◆ **Work task**:
Transcribe every line of the material below without change, apart from dropping the pictures.

◆ **Available data**:
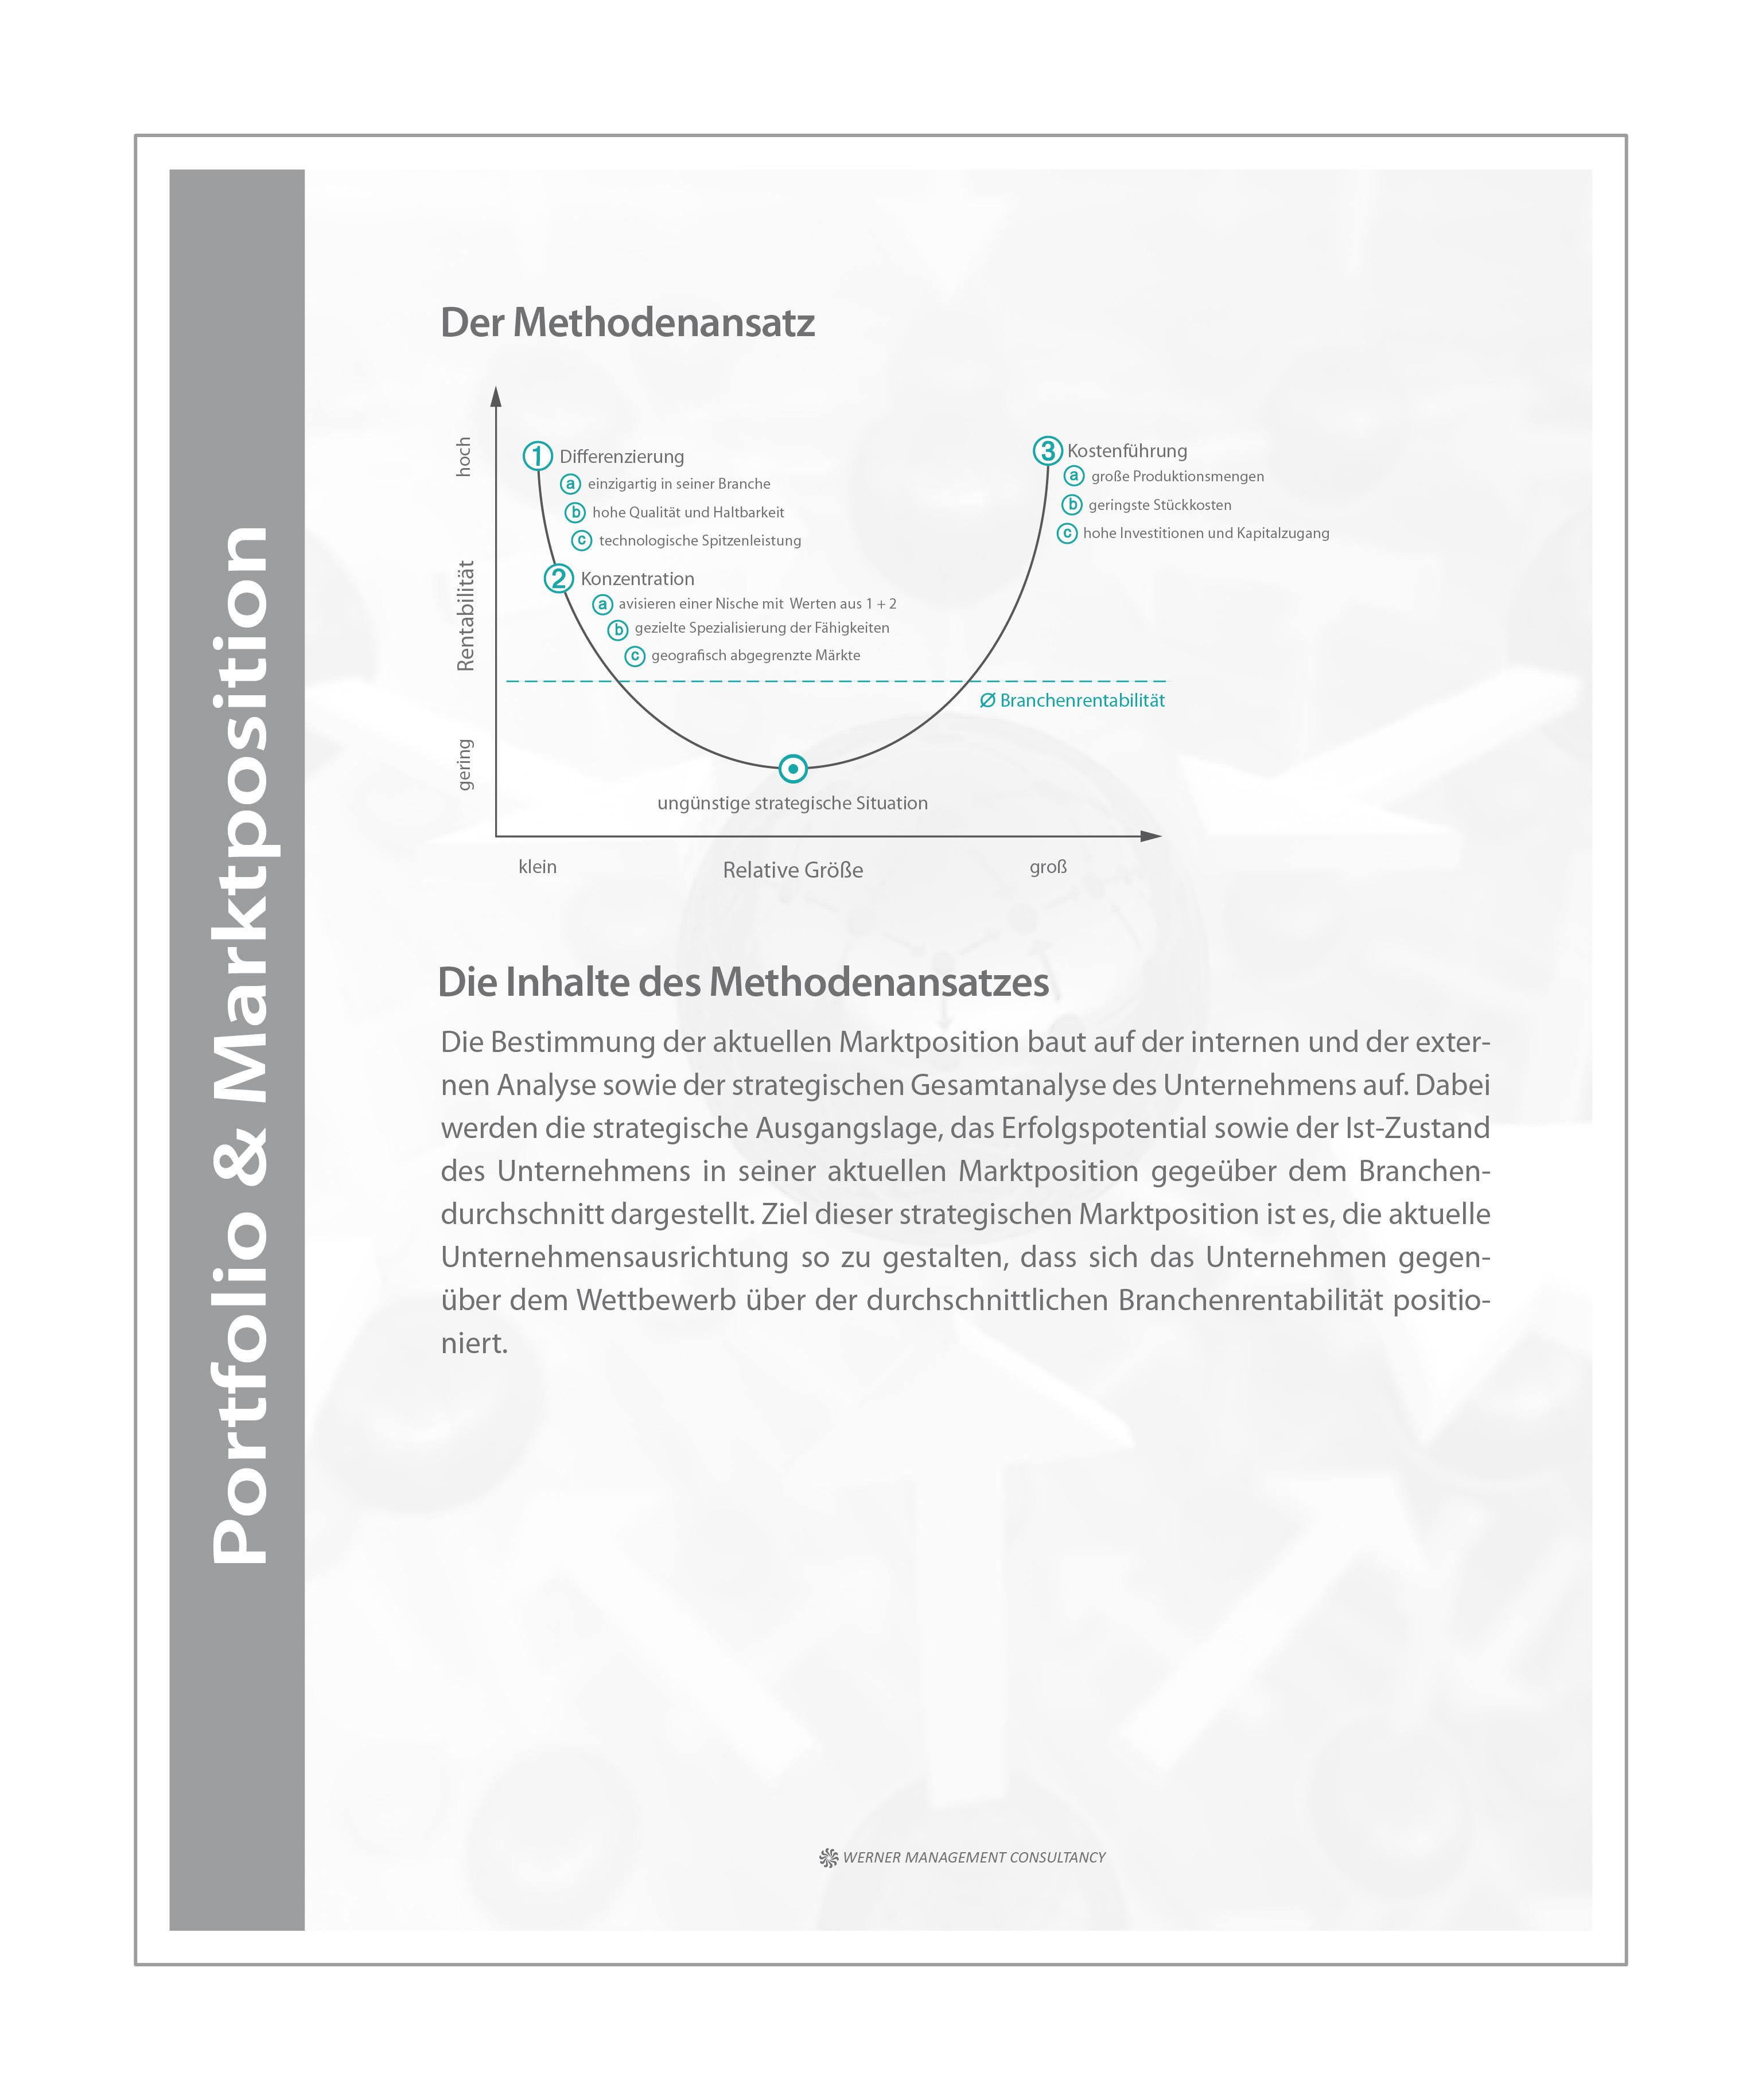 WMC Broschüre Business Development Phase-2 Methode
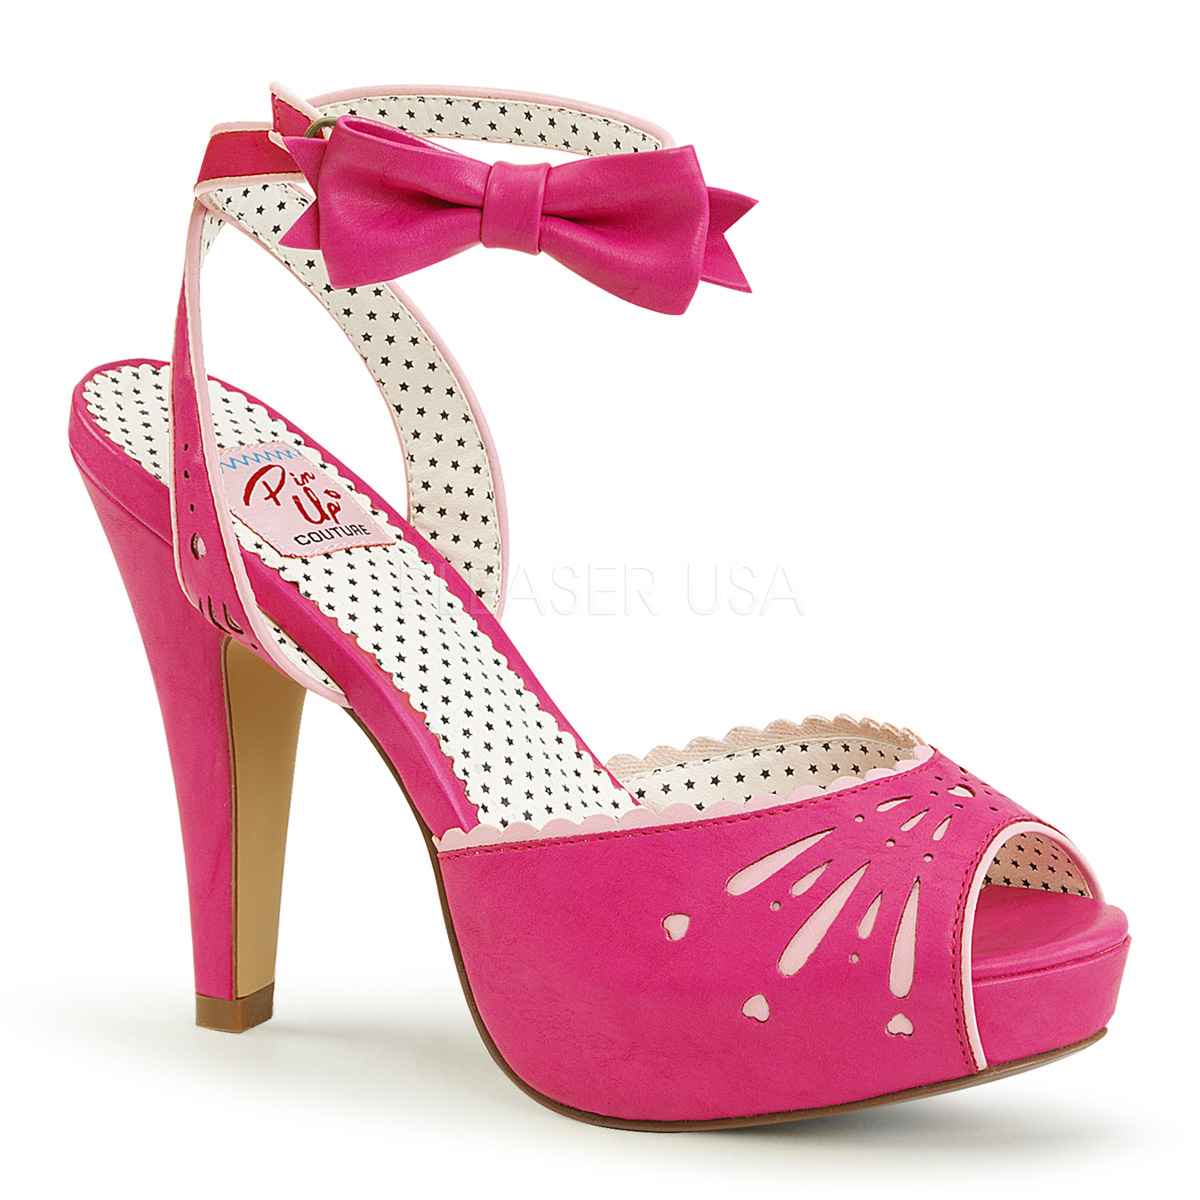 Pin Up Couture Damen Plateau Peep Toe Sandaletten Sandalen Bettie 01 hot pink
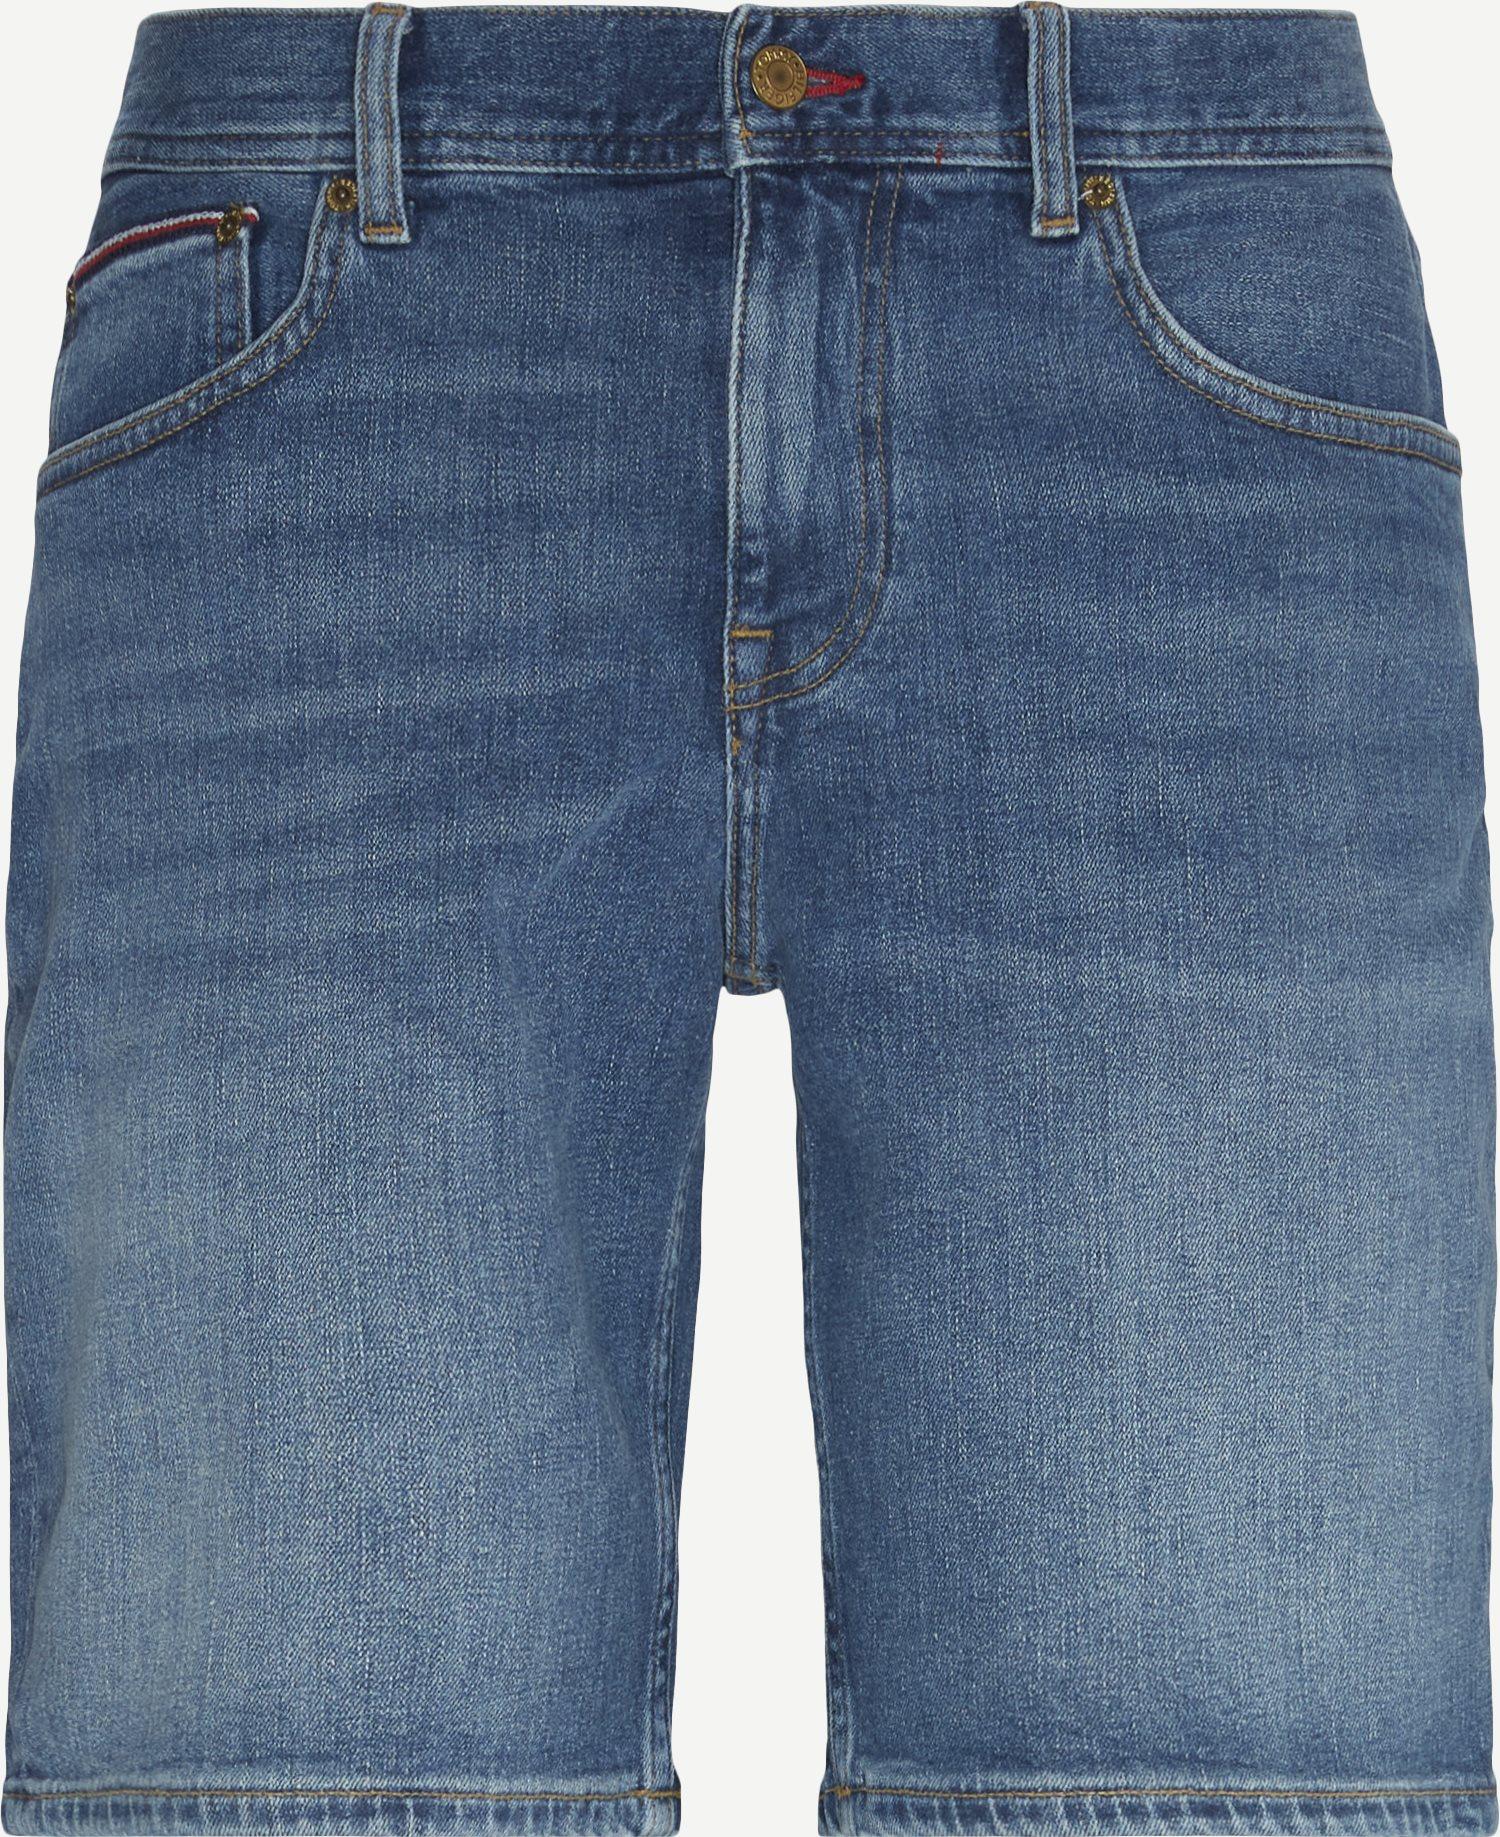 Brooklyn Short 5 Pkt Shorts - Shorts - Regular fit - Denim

◆ **Problem solution**:
 WMC Broschüre Business Development Phase-2 Methode
 Pin Up Couture Damen Plateau Peep Toe Sandaletten Sandalen Bettie 01 hot pink
 Brooklyn Short 5 Pkt Shorts - Shorts - Regular fit - Denim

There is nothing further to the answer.